The same dispatcher philosophy applies: one function, one switch, explicit routing. The difference is that inputs and outputs are *wgpu.Buffer handles in VRAM rather than *Tensor[T] in RAM.
trainBatchWGPU:
BeginFrame() ← create shared CommandEncoder
│
├── for each layer forward:
│ └── ctx.DispatchForwardLayer(l, ...) ← records into encoder
│
├── DispatchMSEGradPartialLoss(...) ← records into encoder
│
├── for each layer backward (reverse):
│ ├── ctx.DispatchActivationBackward(...)
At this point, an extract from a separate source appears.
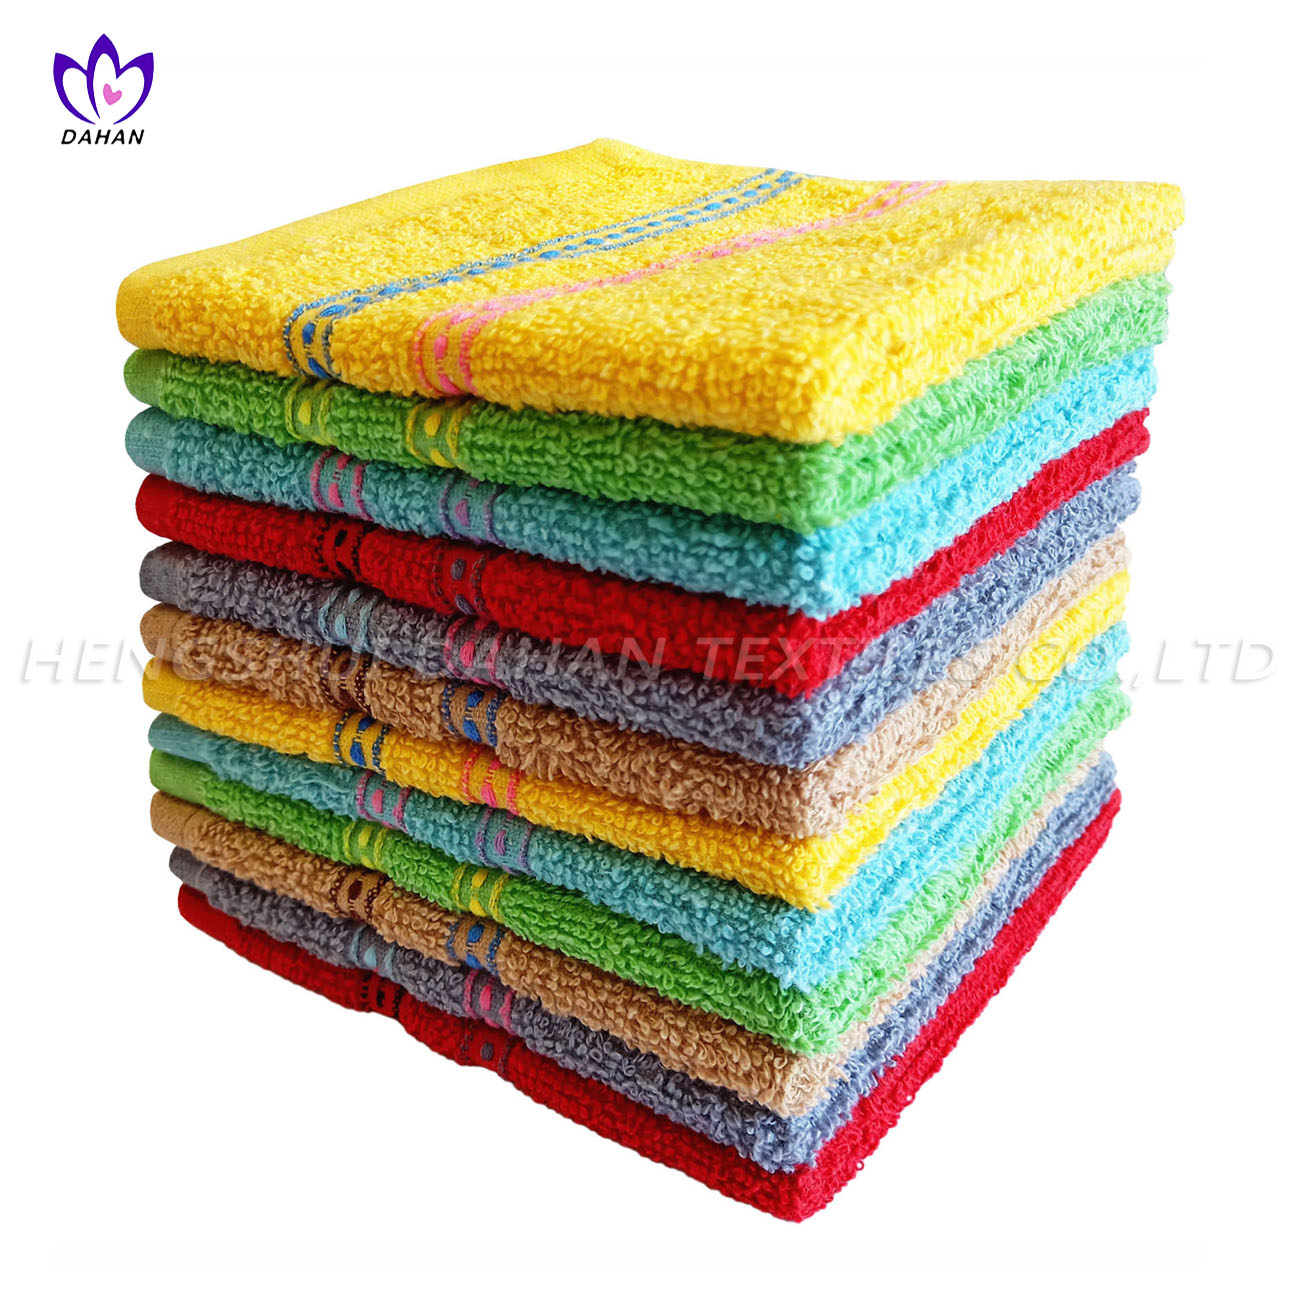 422CR Cotton colorful wash cloths, kitchen towel.

│ ├── ctx.DispatchBackwardLayer(l, ...)
│ └── ctx.DispatchApplyGradients(...)
│
FlushFrame() ← ONE submit for entire forward + backward + weight update
│
ReadBuffer(partialsBuf) ← only reads back tiny loss scalars
This single-submission design reduces Go-to-GPU driver overhead from ~150+ round trips per batch to exactly 1.
Disabled Layers
Setting layer.IsDisabled = true causes both ForwardPolymorphic and SystolicForward to skip the layer entirely. In SystolicForward, a disabled layer passes its input buffer through to NextBuffer unchanged. This is the mechanism for implementing sparse MoE expert activation — gate layers can conditionally disable branches.